Hollie was a homemaker and Marcel, 38, supplemented income from his full-time job as a security guard at Walgreens by working security for Detroit nightclubs. Marcel Jackson was a key member of the crime-fighting Detroit 300 community group. He was gunned down outside Pandemonium Night Club, allegedly by a patron who was angry about being ejected.
“Moving out of Detroit was one of our goals. We seen how crime was really getting bad, and we said ‘It’s time to go,’ ” Hollie said. “It just didn’t happen fast enough. Right now, I just kind of feel stuck with him not being here. I have to start over again.”
Dr. Charles Nelson, professor of pediatrics and neuroscience at Harvard Medical School and an expert on the effects of toxic stress on children, said exposure to early adversity can lead to long-term impacts on their brain and biological development, and their health. The earlier such adversity is removed from a child’s life, the greater the likelihood of recovery.
“(The effect) depends on things like the age of the child, the resources available to the family, if it’s a single event or sort of a constellation of chronic stress,” Nelson said. “The more stressful experiences you have growing up, the worse the outcome.

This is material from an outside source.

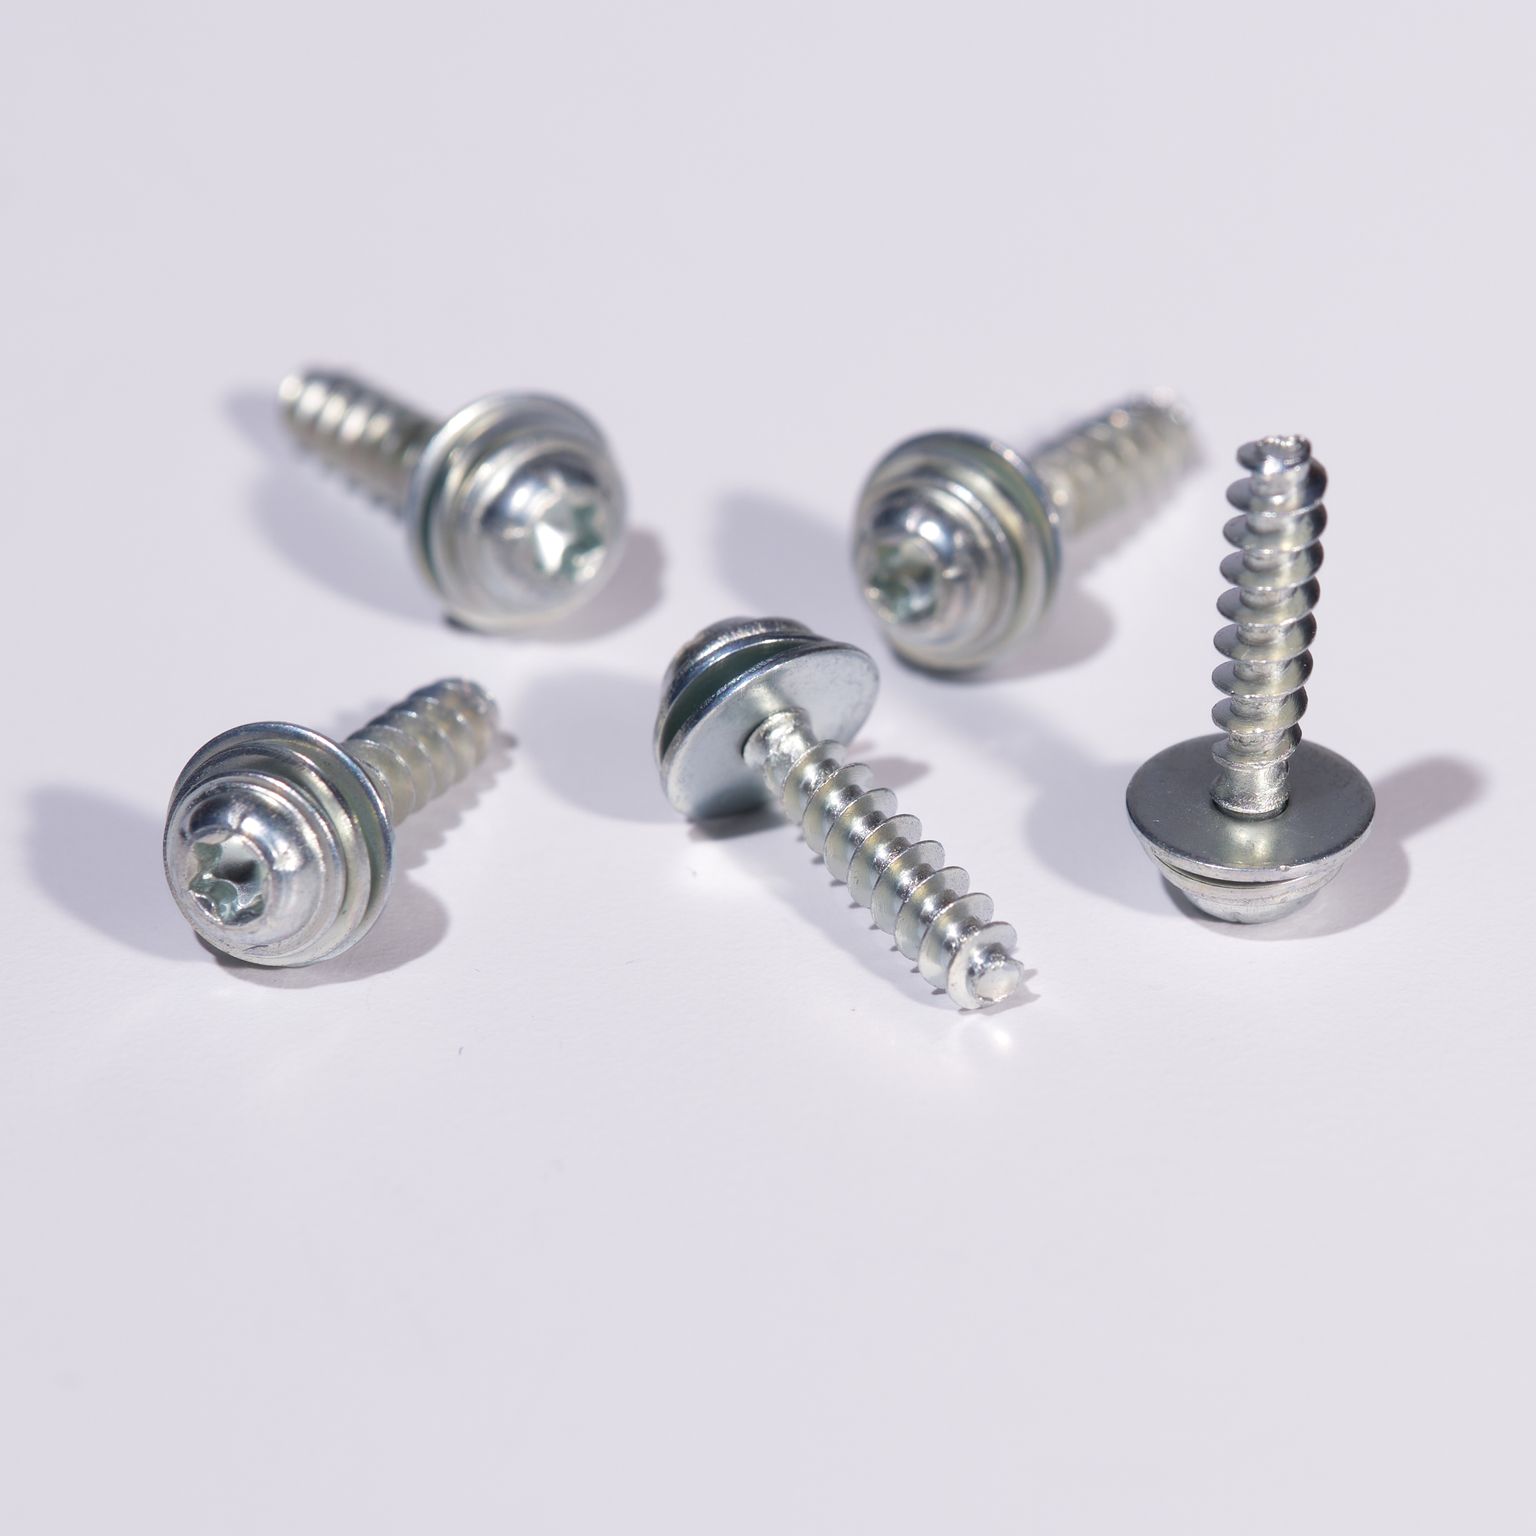 Captive screw with washer

So it’s not any single bad thing, it’s the accumulation of multiple bad things.
“Take a child born two months prematurely into a single-parent household that doesn’t have a lot of resources. Mom might have a substance abuse problem, then there’s neighborhood violence. All those things sort of conspire to pull the rug out from underneath the kids.”
A growing body of research has shown that stress can become so toxic that it affects even the body’s cells. Cells contain chromosomes, twisted threads that embed all genetic information. Tacked onto the end of each chromosome is a repetitive sequence of DNA called a telomere, which gets shorter each time a cell replicates.
Studies have linked chronic stress with the shortening of telomeres. And, in turn, shortened telomeres are associated with the onset of heart disease, diabetes, stroke and other age-related diseases.
Racial disparity also may be a factor. A University of Maryland study released this month found that African-American men who reported experiencing racism, and who had the strongest bias toward their own racial group, had telomeres that were biologically 1.4 to 2.8 years older than those of black men who reported the lowest levels of discrimination and least racial bias.
According to Nelson, kids who grow up with chronic stress are more prone to depression and anxiety, and have increased risk of Post Traumatic Stress Disorder. Severe stress and trauma also can harm learningand memory.
Nelson said early intervention is the key to minimizing the long-term impacts of chronic stress or trauma on children’s health. One example of an effective program, he said, is the Nurse Family Partnership. Nurses meet regularly with new moms to offer advice and support. Parenting education and programs that provide cash assistance to families with young children are also known to reduce the negative impacts of stress on children, Nelson said.
Najidah participated with other kids in an Open Arms grieving support group held during the school day at Old Redford Preparatory High School, the Detroit charter school she attends.
“We help (children) to communicate in ways that they can’t verbalize,” said Karen Gray-Sheffield, director of St. John Providence Community Health. “Through activities, play therapy, we can help them learn more about their feelings, remember their loved ones in a positive way.
“Younger children don’t always understand the permanence of death, so they feel the person is going to come back. We can’t help them cognitively grow up too fast, but we can explain the cycle of life, how trees and leaves die, things that might not be totally connected to the human aspect of it. Flowers grow, flowers also die.”